«Он чувствует то же самое, что и я… то же самое…»
Несмотря на разделяющее их пространство, они понимали друг друга так, как если бы составляли одно целое. Даже сознание того, что он мог убить ее, если бы ему приказали, а она – его, если бы ей пришлось защищаться, не могло разрушить этой связи.
Это мгновение пришло и ушло, но весь оставшийся вечер и большую часть следующего дня Анна так и не смогла избавиться от внезапно возникшего странного фатального чувства.

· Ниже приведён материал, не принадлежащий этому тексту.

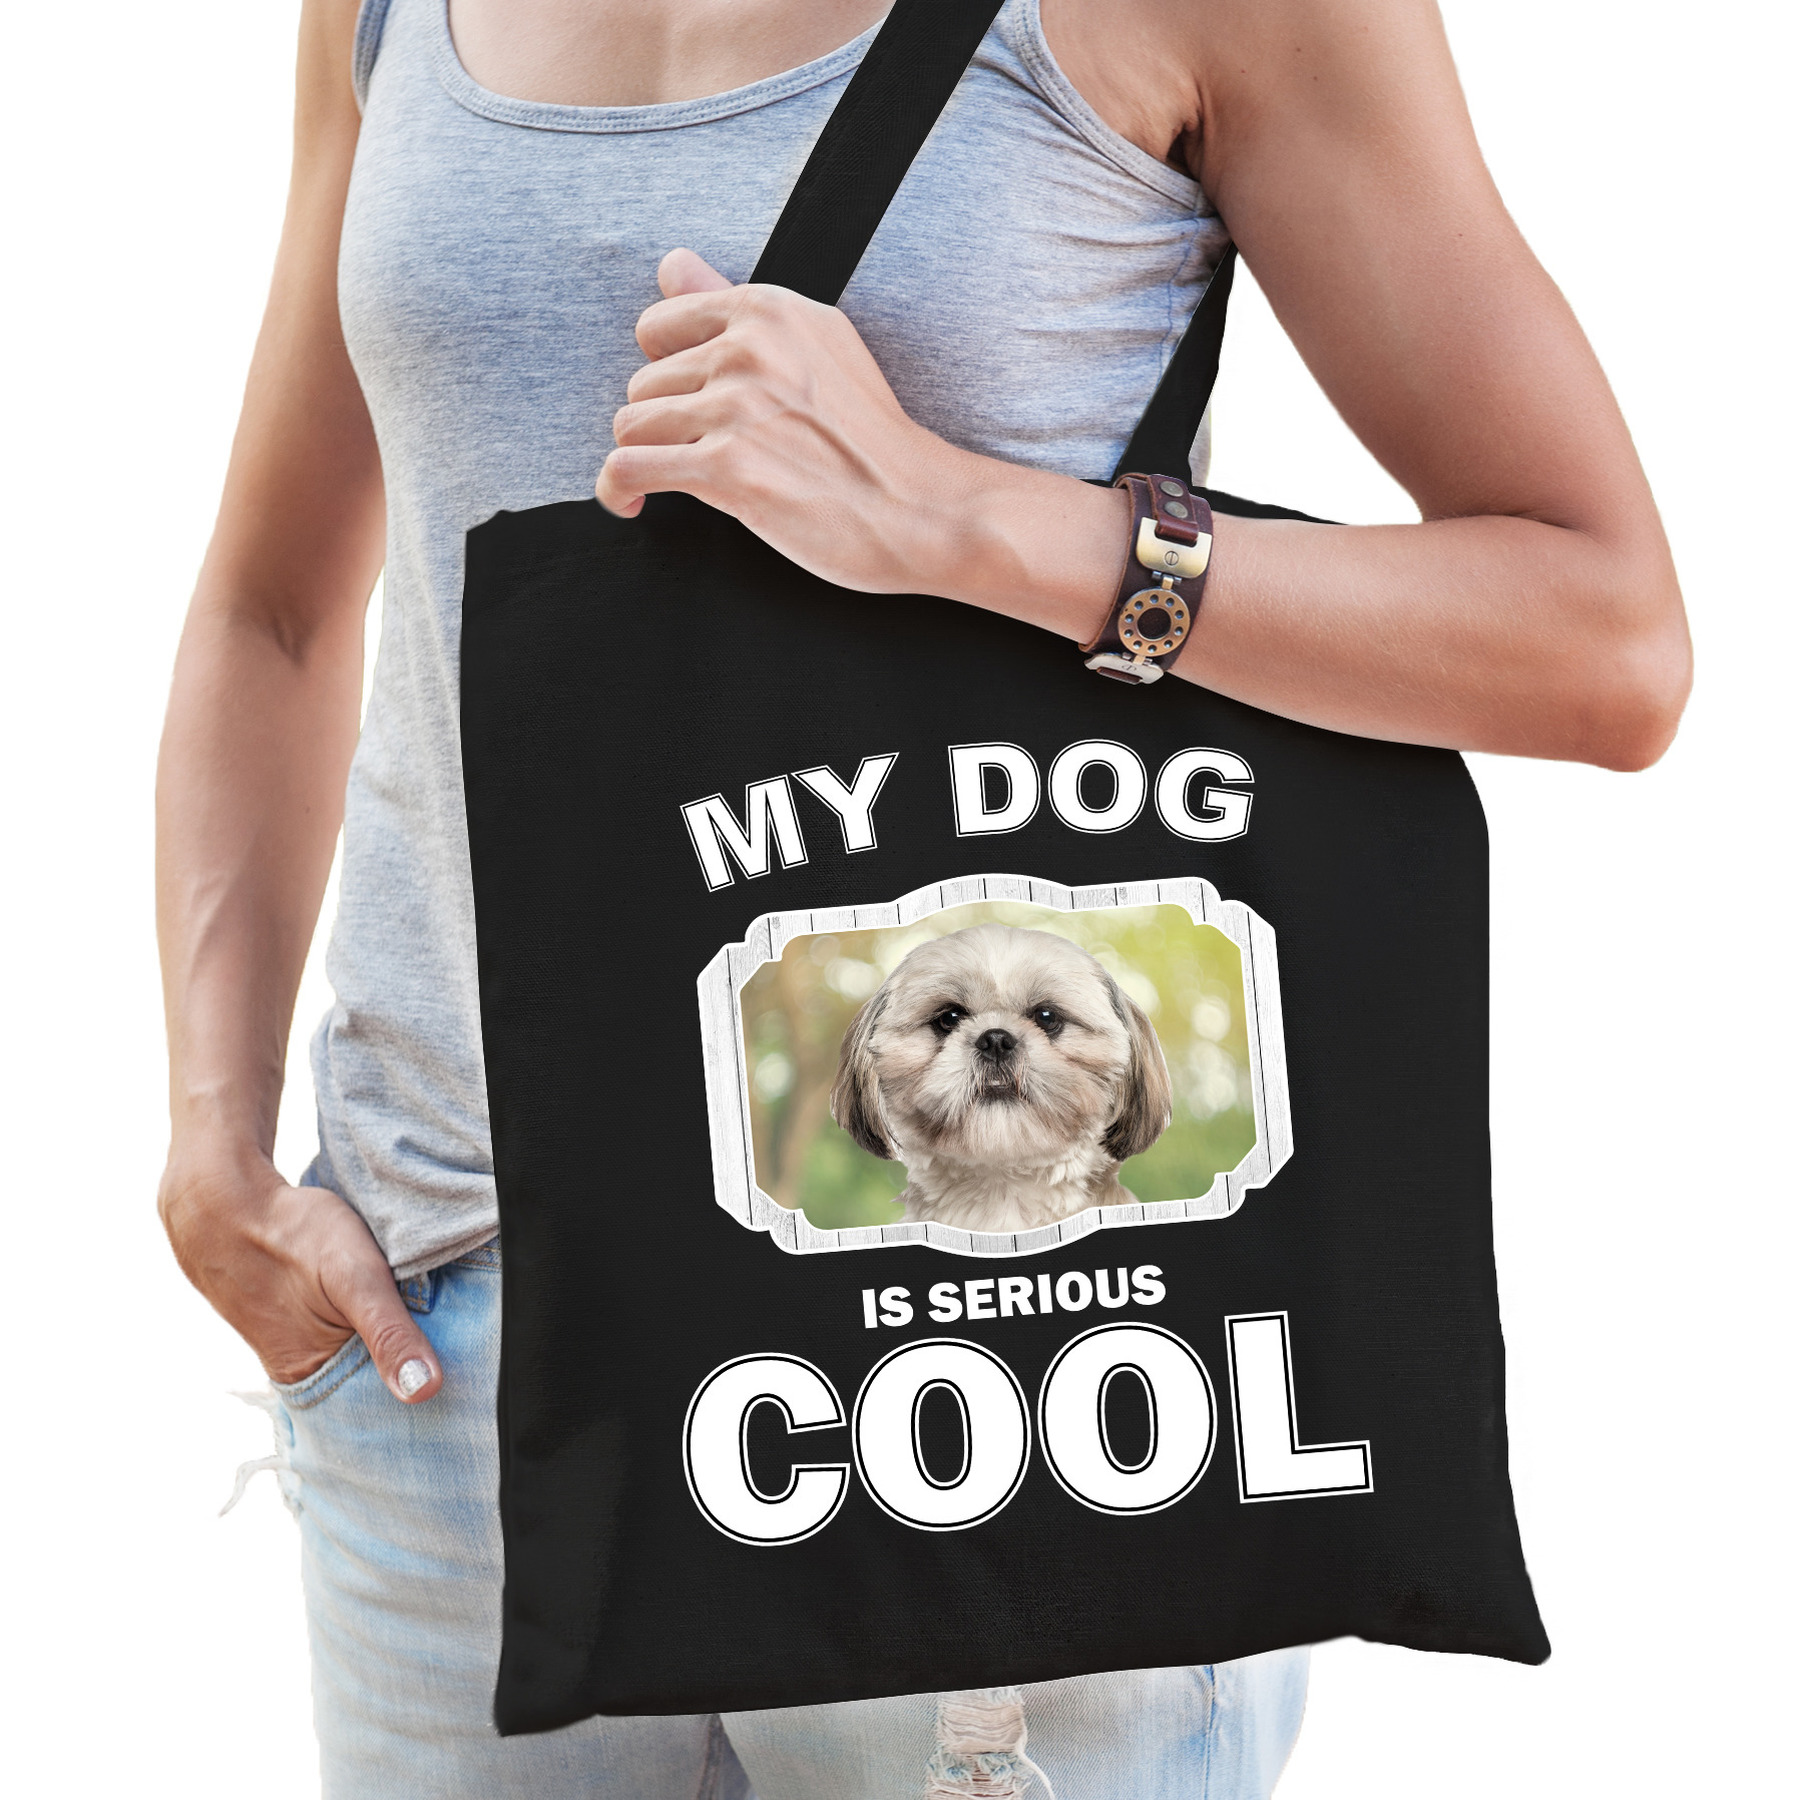 Katoenen tasje my dog is serious cool zwart - Shih tzu honden cadeau tas

Теперь сценарий представлял собой ворох разноцветных страниц, который, казалось, с каждым днем становился все более громоздким и объемистым. Ив Плейдел, при активной поддержке оператора-постановщика, вносил бесконечные изменения во все, вплоть до диалогов.
Анна уже была в костюме – многочисленные нижние юбки нелепо топорщились в разные стороны. Они с Сарой сидели в прохладной комнате с кондиционером и просматривали сценарий, пока рабочие, сновавшие за окном, меняли декорации. В серебряном ведерке между ними стояла бутылка ледяного шампанского «Дом Периньон». Кэрол, которая после отъезда Маркхема не знала, чем заняться, неприкаянно бродила вокруг съемочной площадки, периодически забредая к ним в комнату.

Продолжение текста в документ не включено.